> _Task prompt_
Every line below must be reproduced exactly; no pictures are to be included.

> _Stored data_
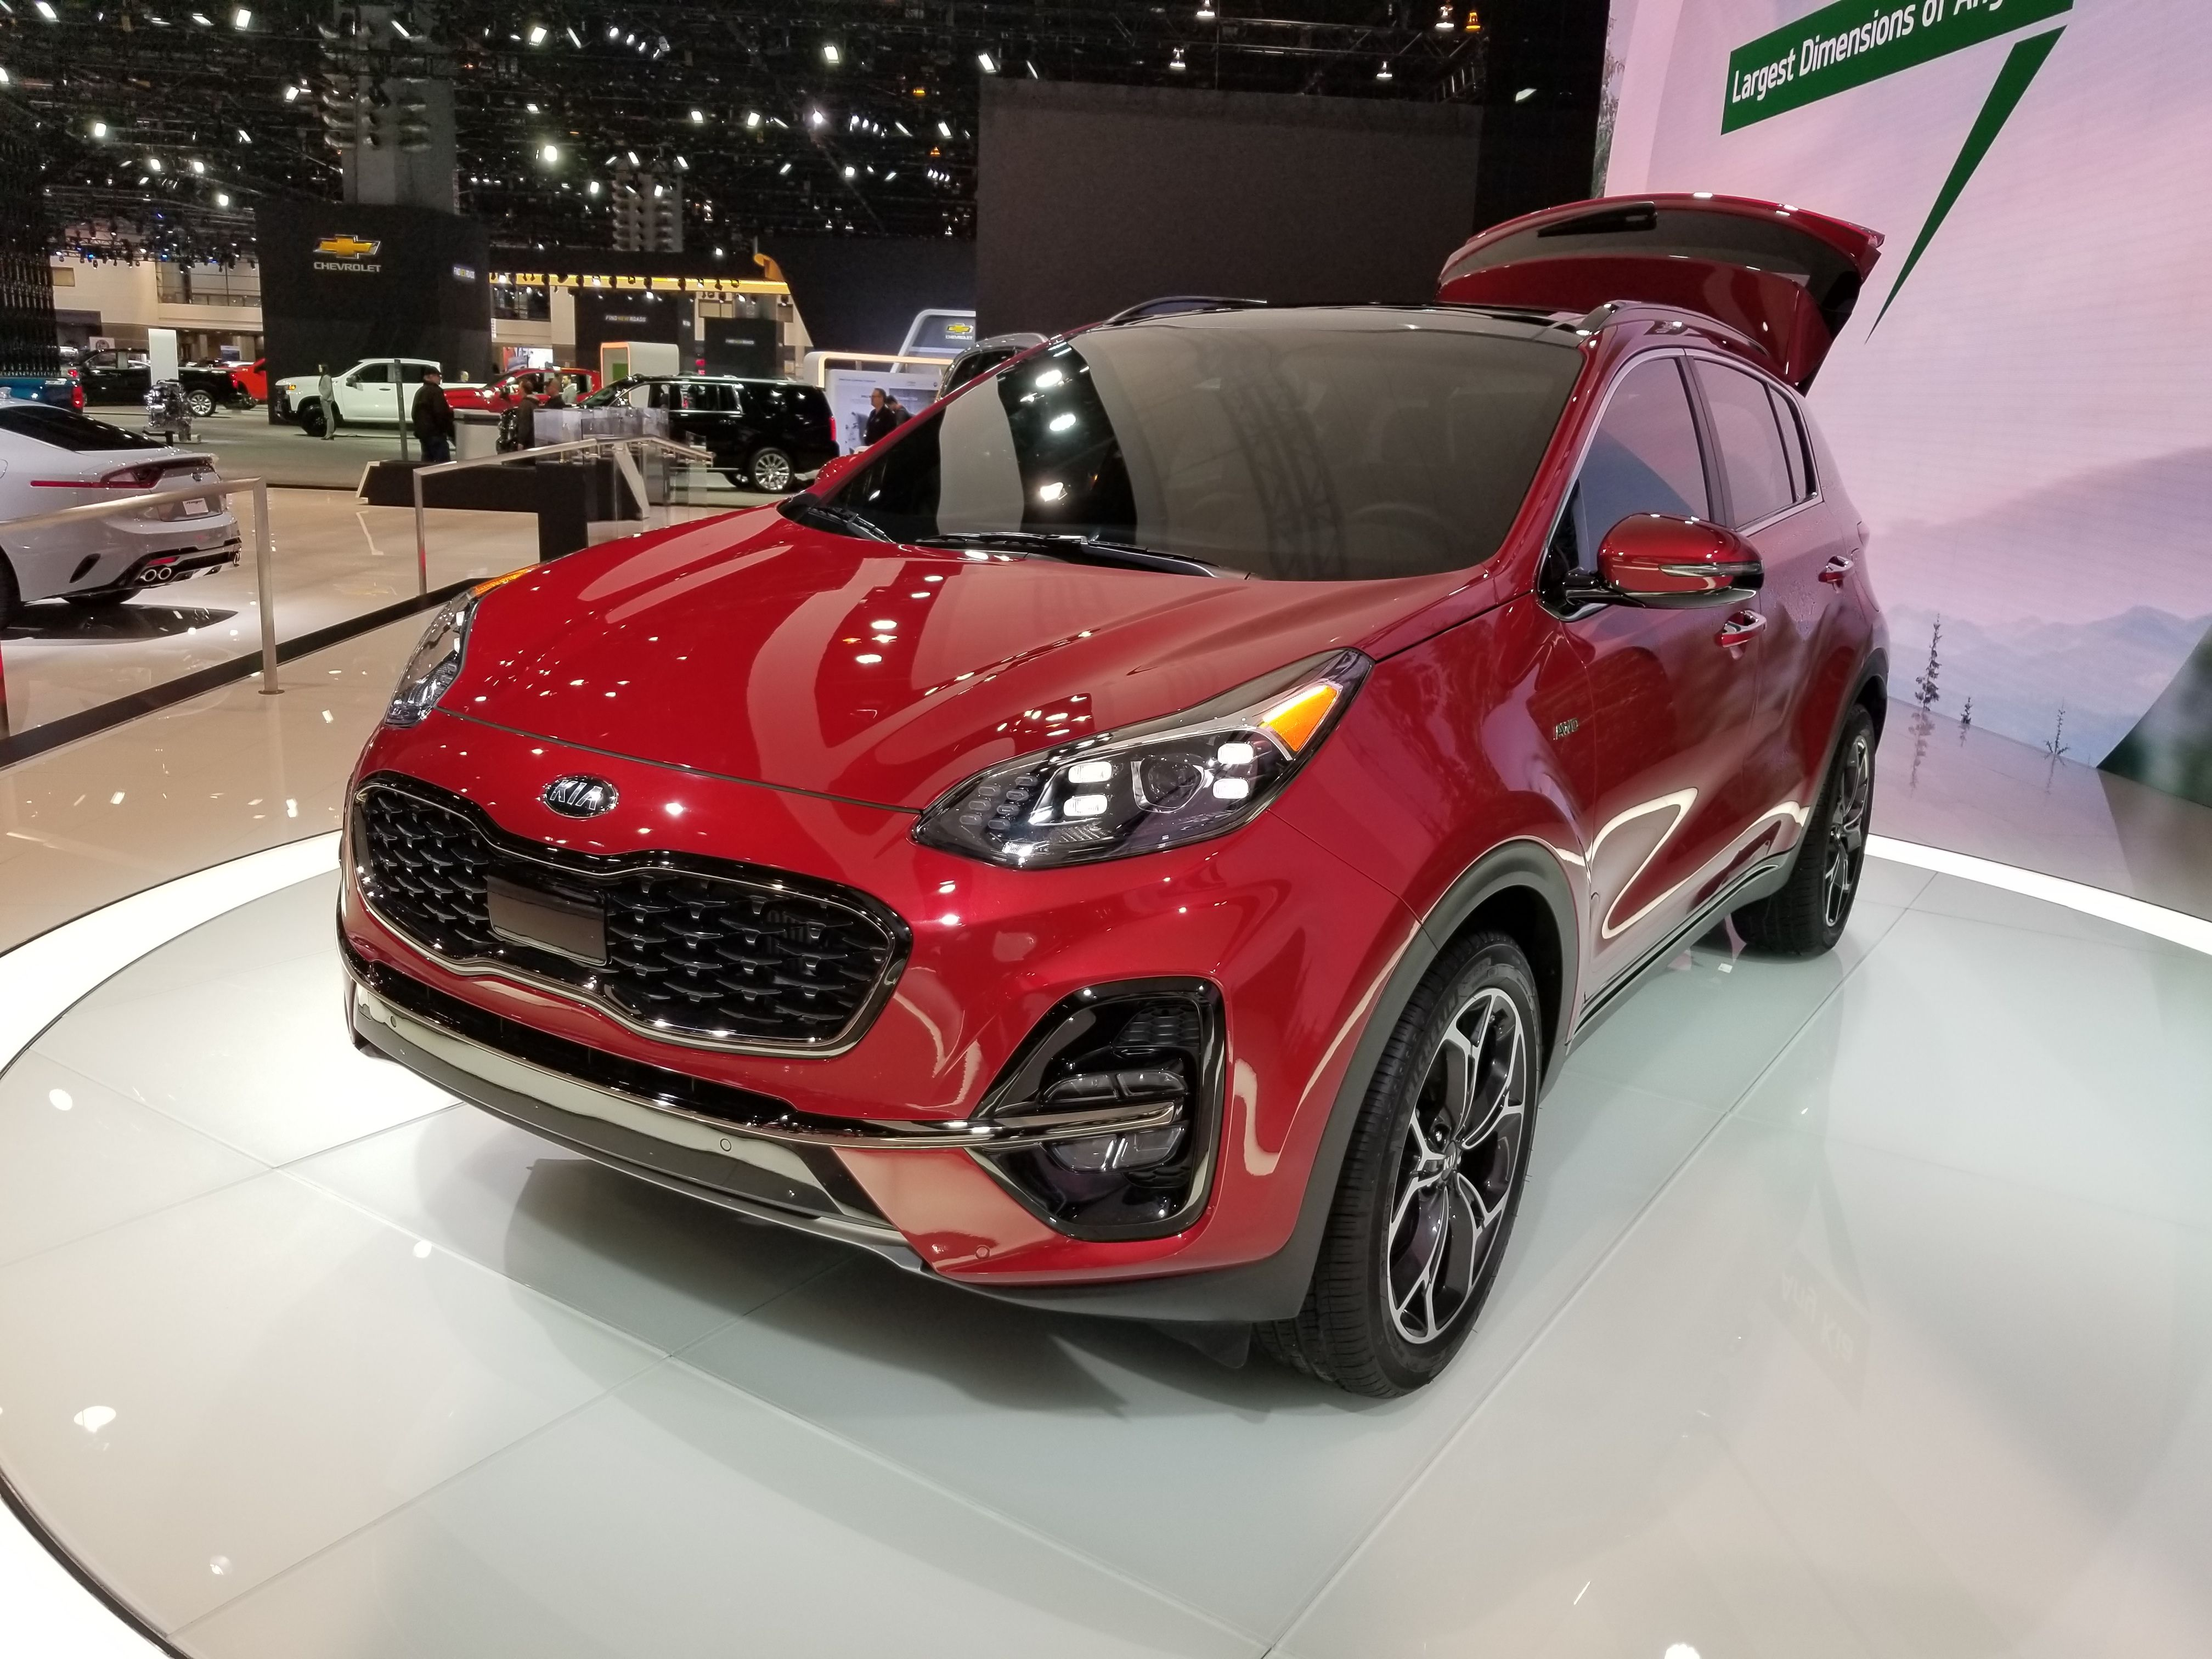 2020 Kia Sportage Revealed Without Many Meaningful Updates For A Good Reason Kia Sportage Kia Sportage
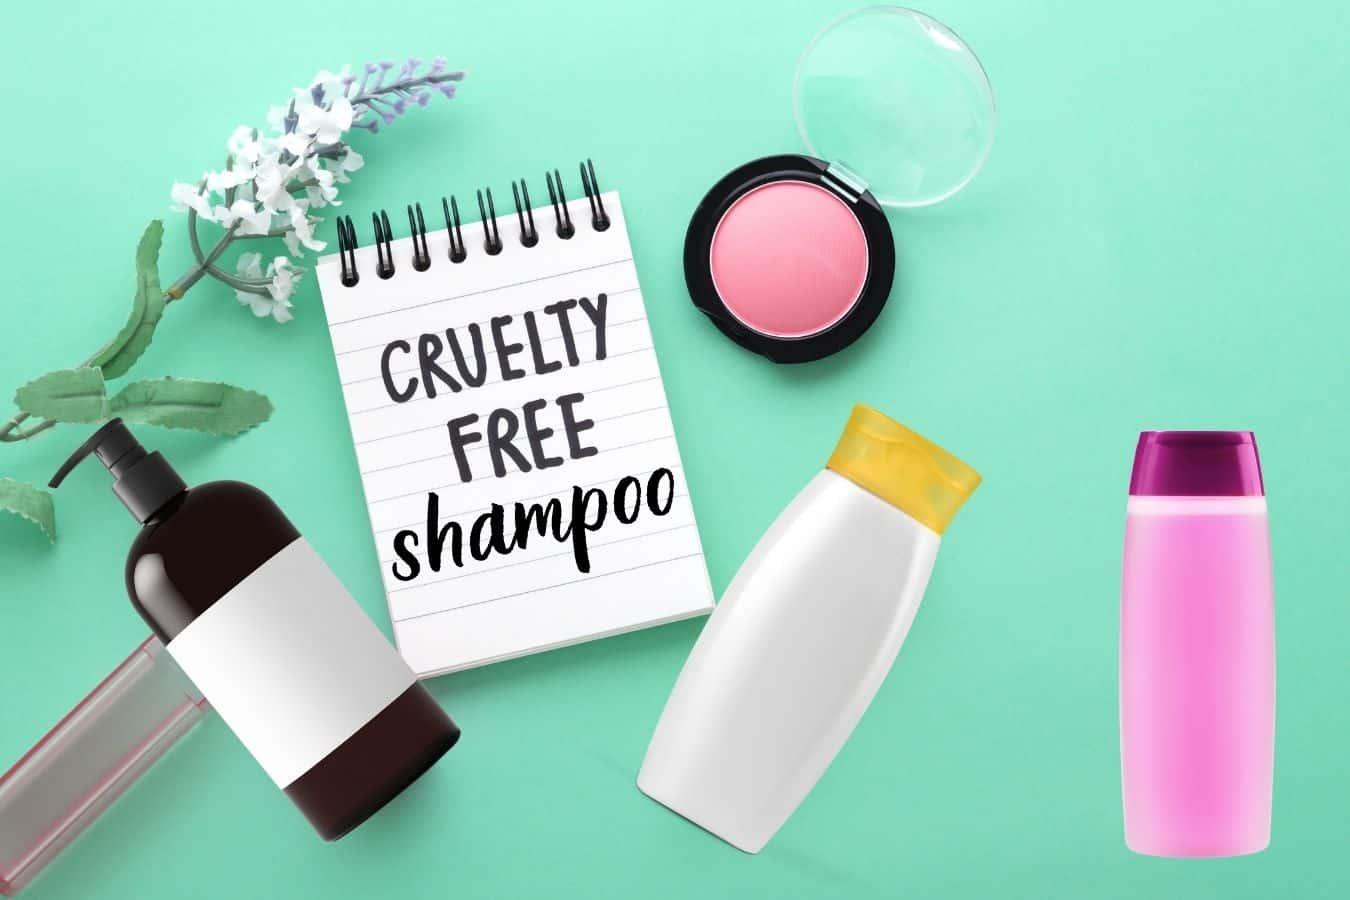 cruelty-free shampoo
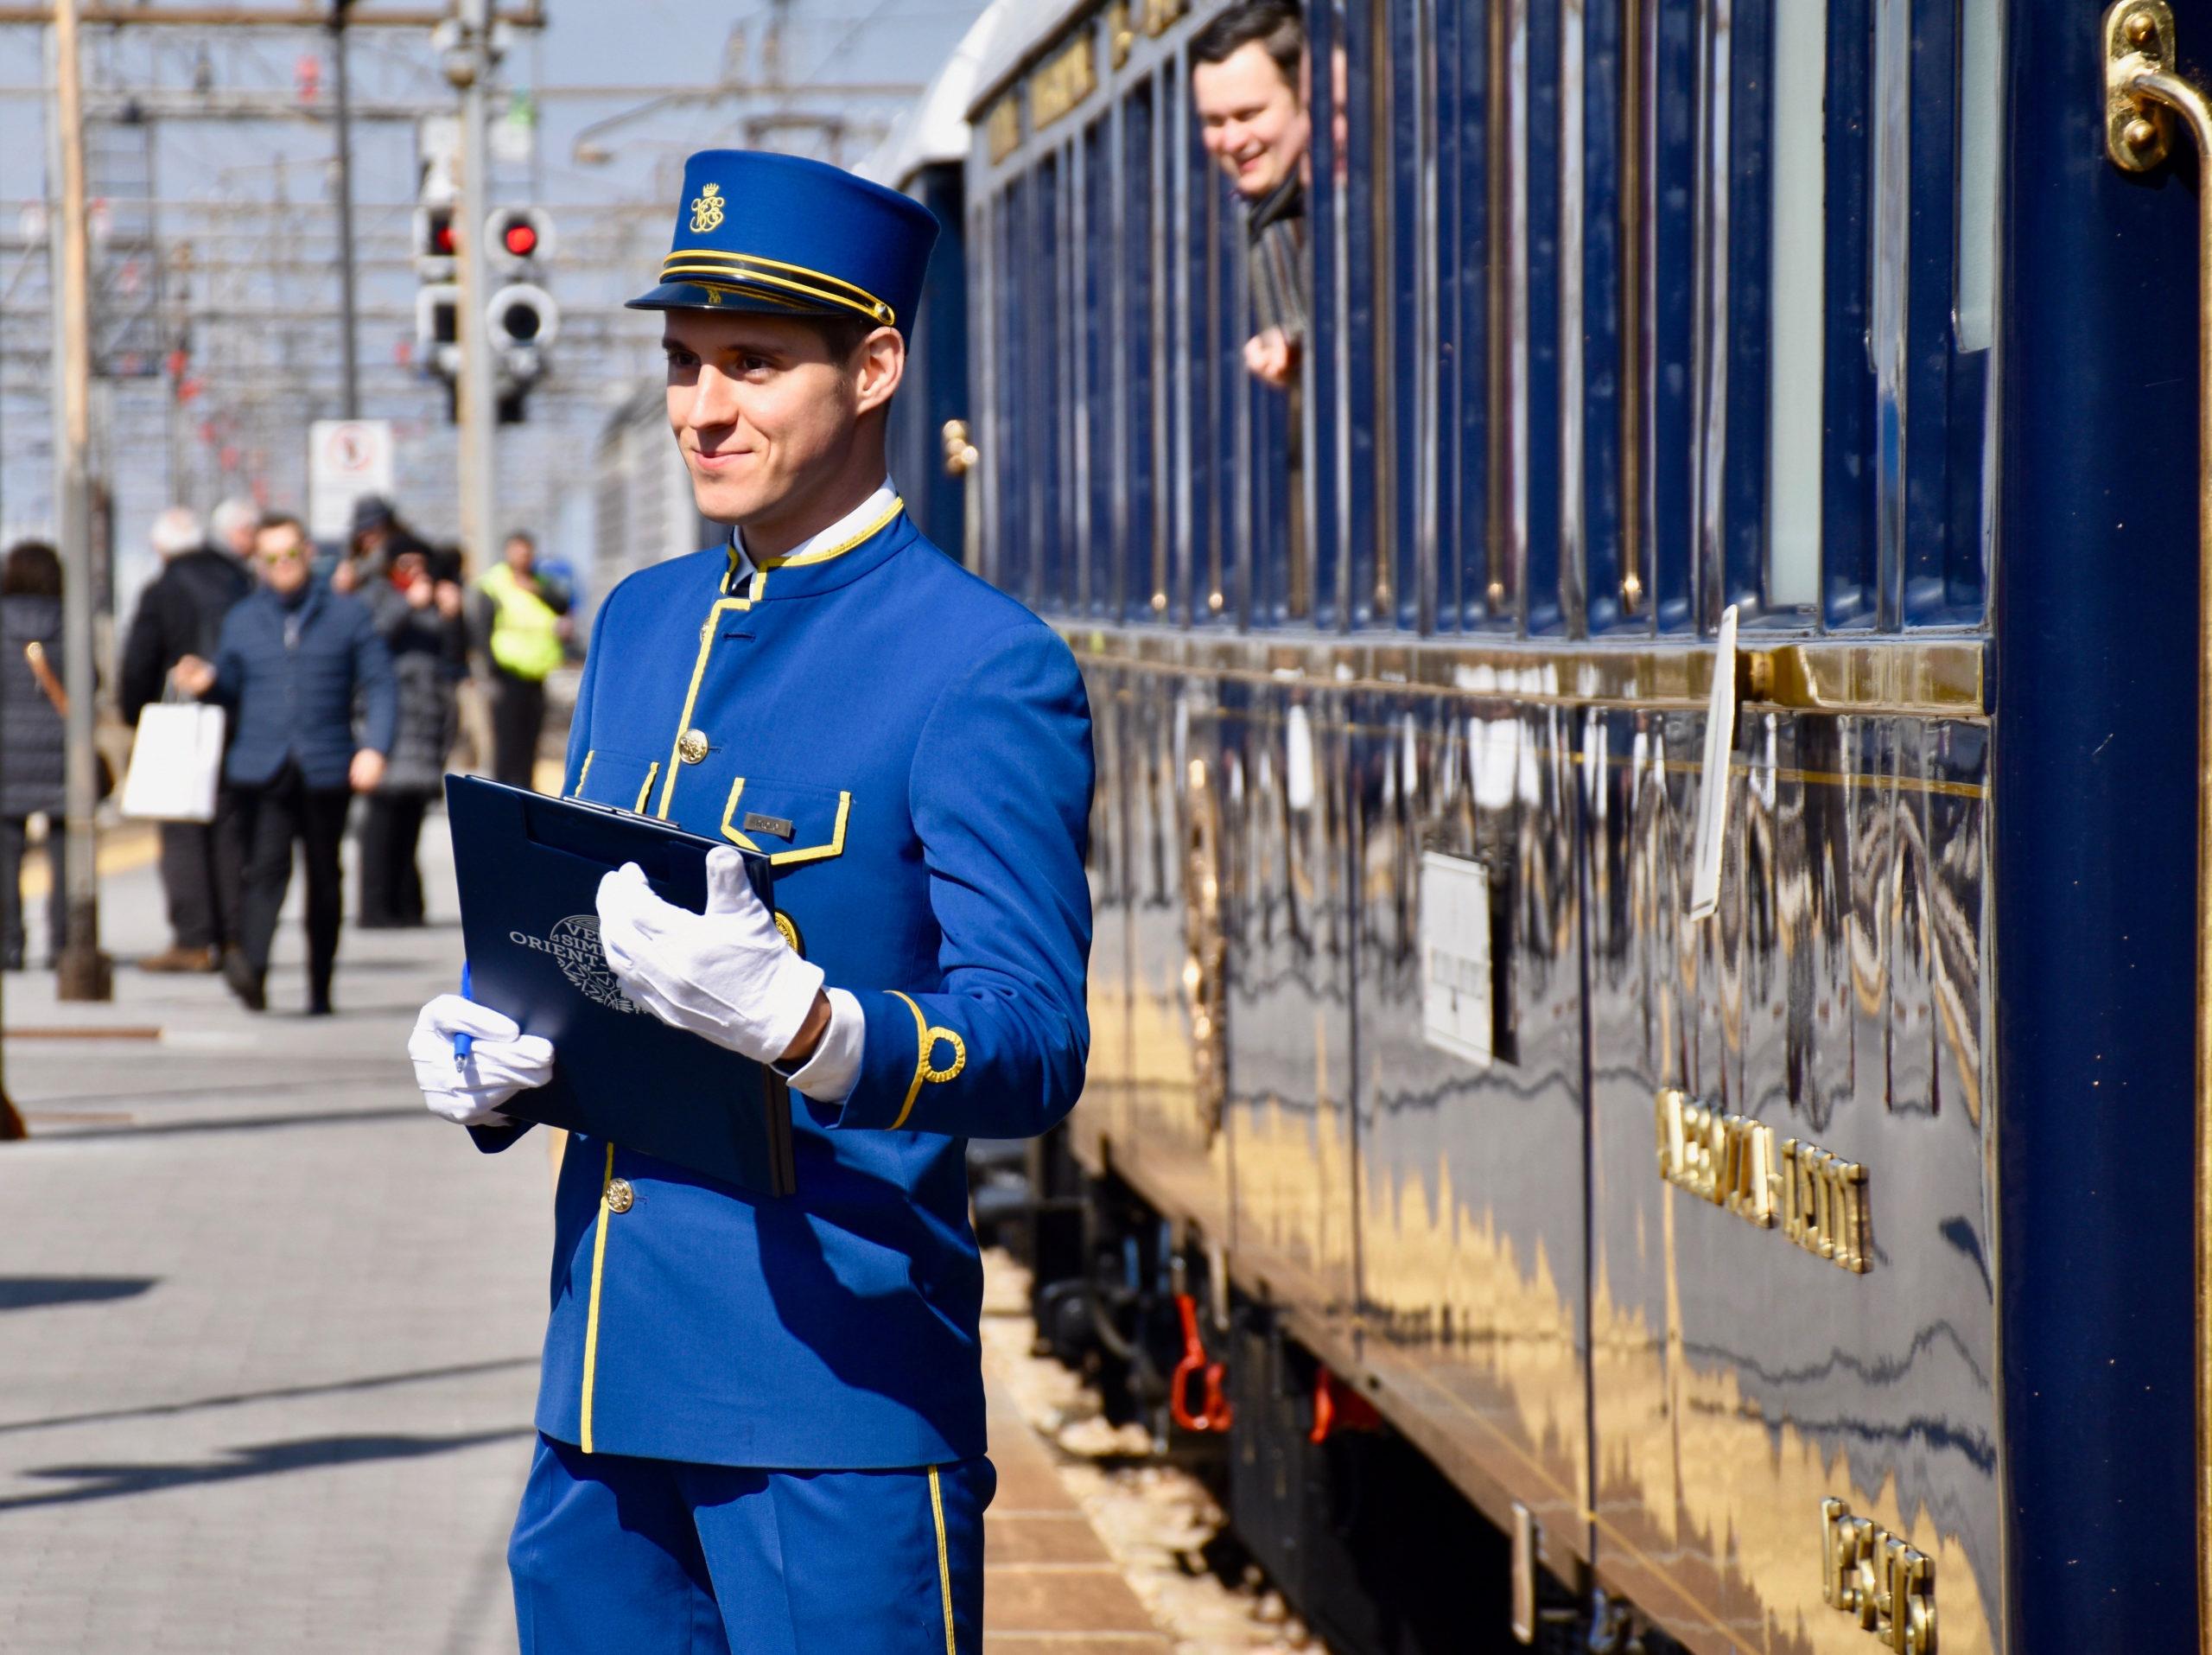 Steward outside train

> _Result_
 2020 Kia Sportage Revealed Without Many Meaningful Updates For A Good Reason Kia Sportage Kia Sportage
 cruelty-free shampoo
 Steward outside train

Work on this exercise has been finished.